JPEG compress your LLM weights

So quantization is kinda bad lossy compression right? JPEG is good lossy compression. This may sound stupid, and maybe it is, but hear me out.

I’ve read that LLM performance is usually constrained by memory bandwidth, and for us plebs also by memory size, and there is a precedent in for example ZFS compression which has shown to increase disk performance because you’re IO constrained rather than compute constrained. So it might be beneficial to decompress LLM parameters on the fly, and if you’re doing that you might want to use a good lossy compression algorithm instead of blunt quantization. It is said that compression is equivalent to general intelligence, so in that sense lossy compression would be expected to reduce intelligence, so you’d want to get a good compression ratio with minimal loss.
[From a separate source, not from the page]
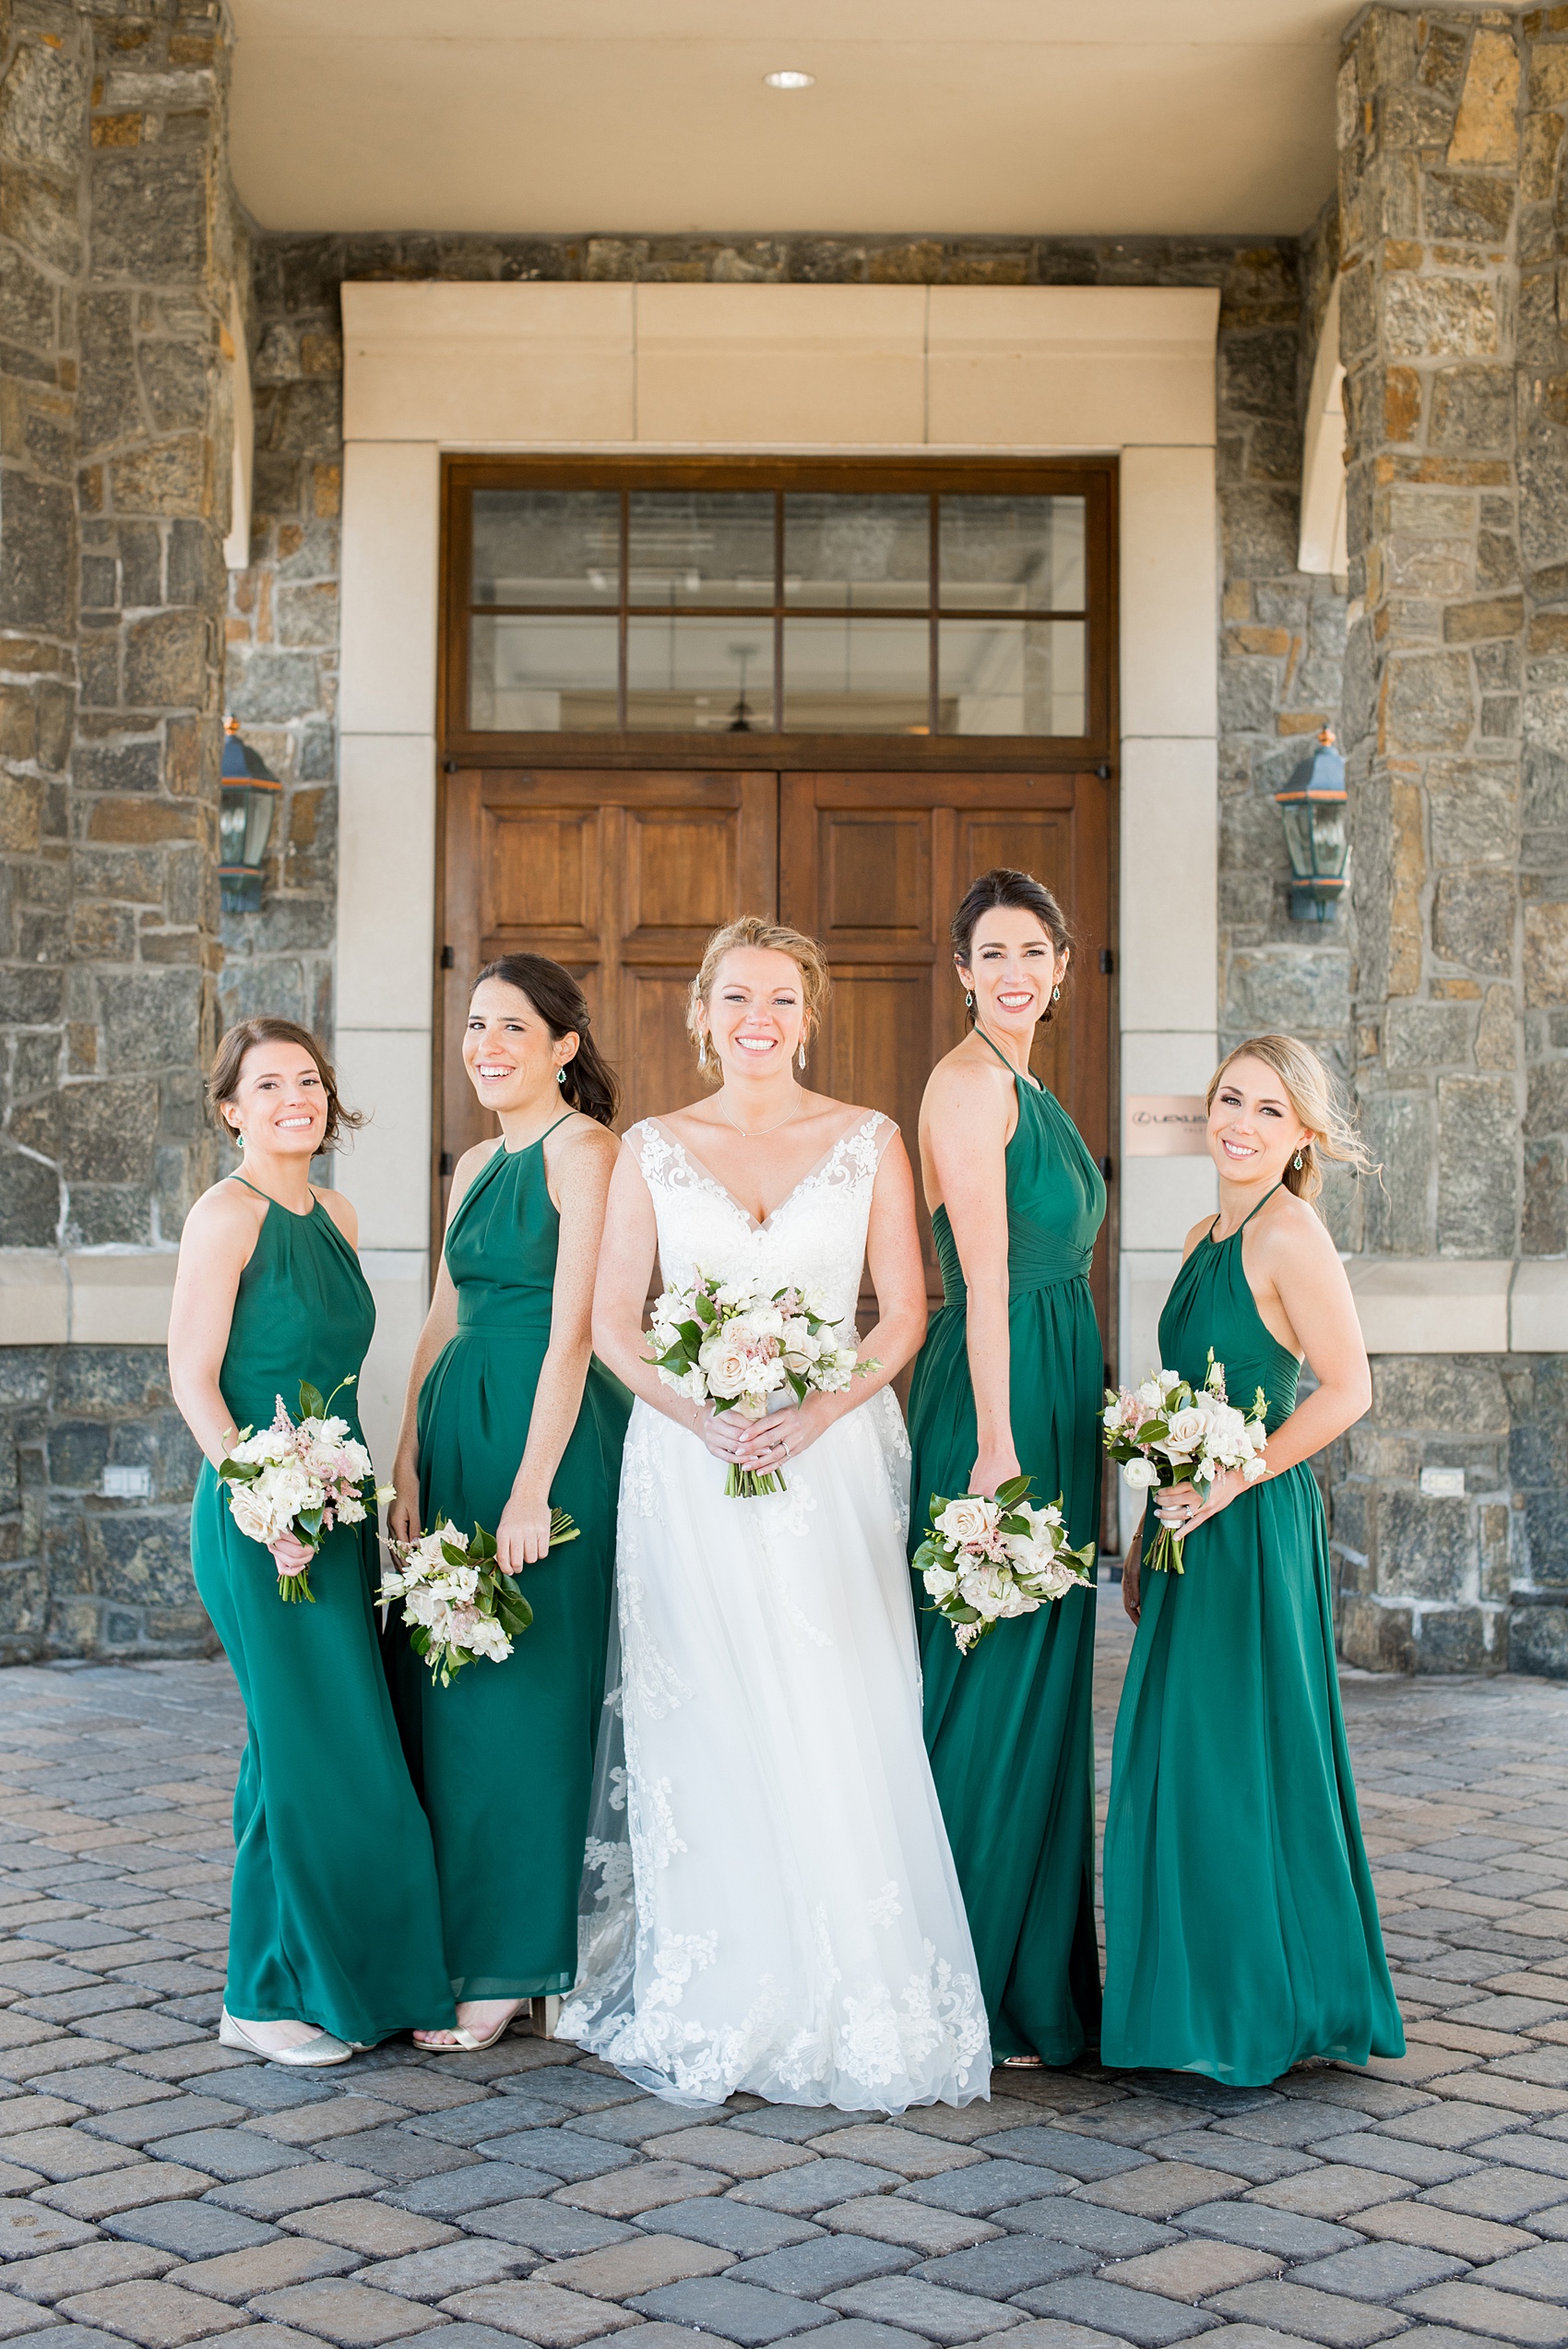 Saratoga Springs destination wedding photos by Mikkel Paige Photography. The bridesmaids wore green gowns and held white and pink bouquets with roses and astilbe at Saratoga National Golf Club venue for a spring celebration. #SaratogaSpringsNY #SaratogaSprings #mikkelpaige #NYwedding #destinationwedding 
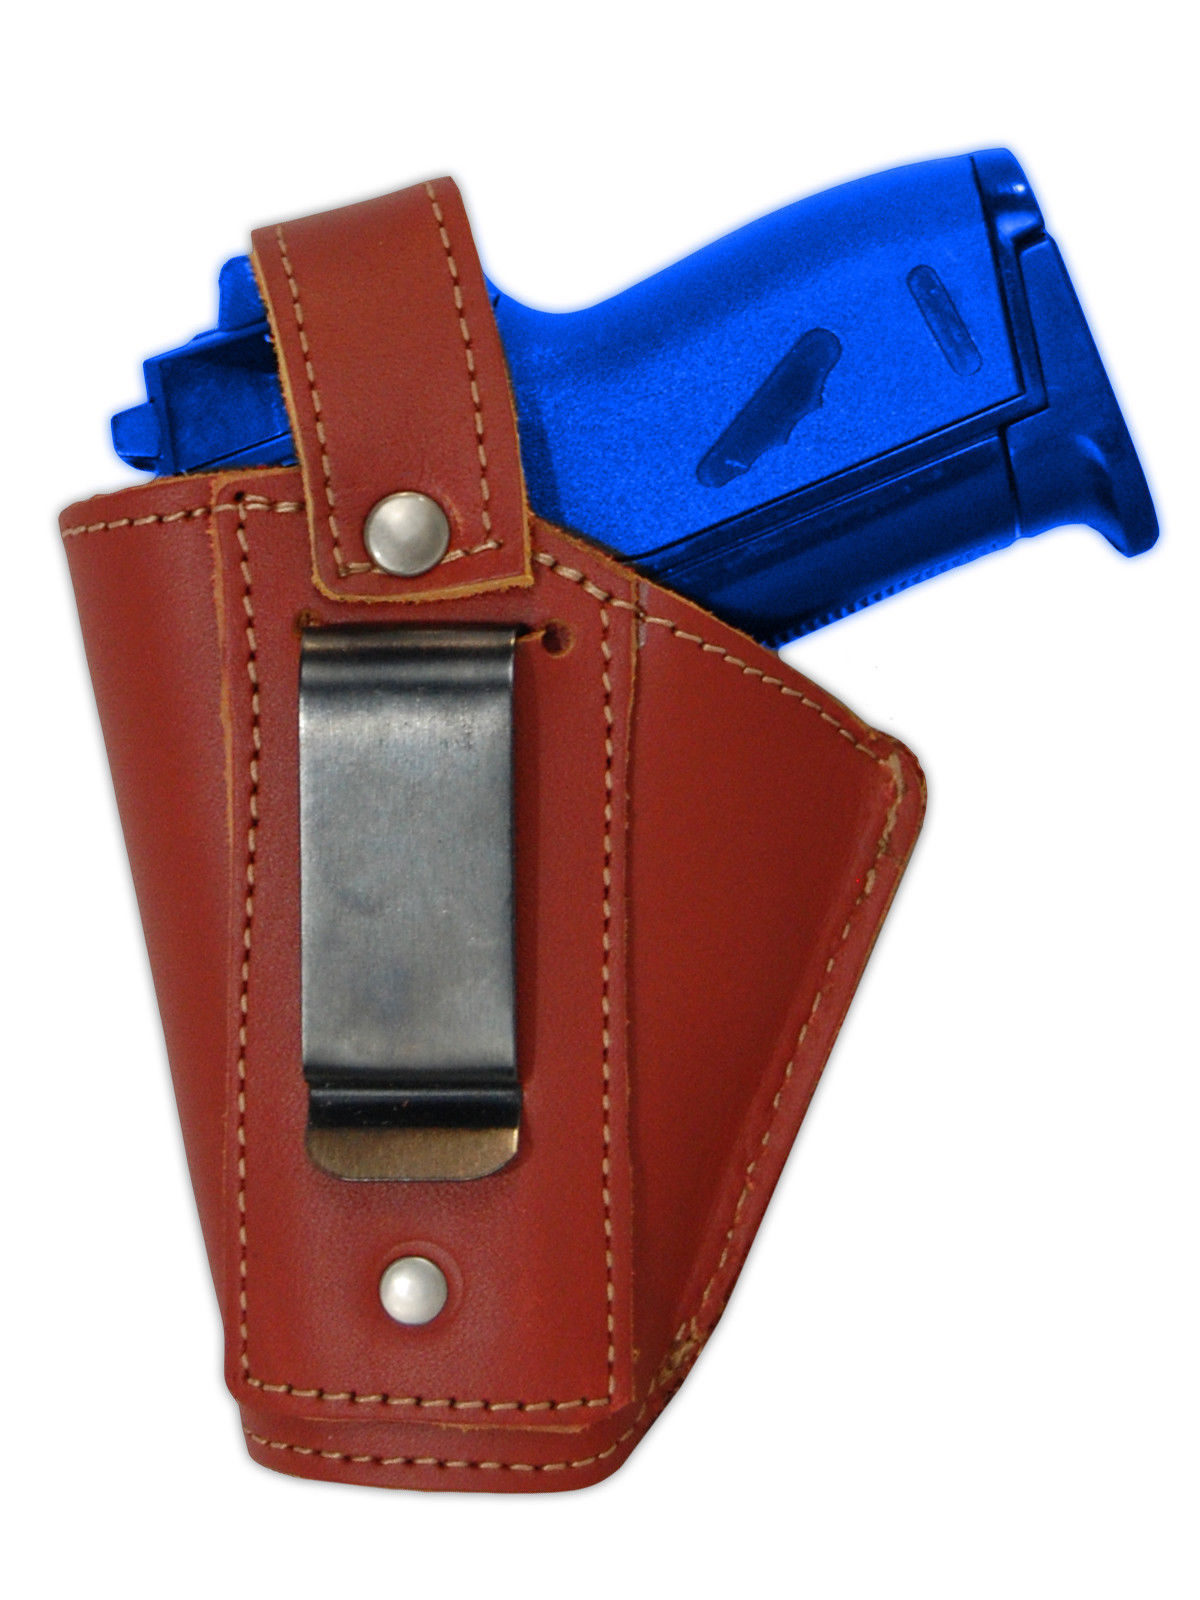 Barsony Gun OWB Brown Leather Belt Clip Holster for Astra AMT CZ Mini 22 25 380

The way JPEG works is basically

  • break down the pixels in chunks - after decompression chunk boundaries are visible as JPEG artifacts.
  • Discrete Cosine Transform them - lossless transformation in the family of Fourier transforms
  • quantize them - data loss happens here, creating longer runs
  • Run Length Encode them - compression happens here

RLE is a lossless compression technique, which gets turbocharged by discarding some data to create longer runs. In the case of image data, the DCT concentrates most information in the low frequencies so you can quantize high frequencies with minor loss in image quality. Now, I don’t expect LLM parameters to be “smooth” like image data, so naive JPEG compression of LLM weights is not likely to be effective.

BUT!

You can reorder the columns and rows of a matrix without affecting the result. It’s like \(a+b+c=d \rightarrow c+b+a=d\). So you could reorder your rows and columns to maximize clustering of similar values. Not sure how you’d do this, maybe just sort by vector sum, or some genetic algorithm, or other cleverness.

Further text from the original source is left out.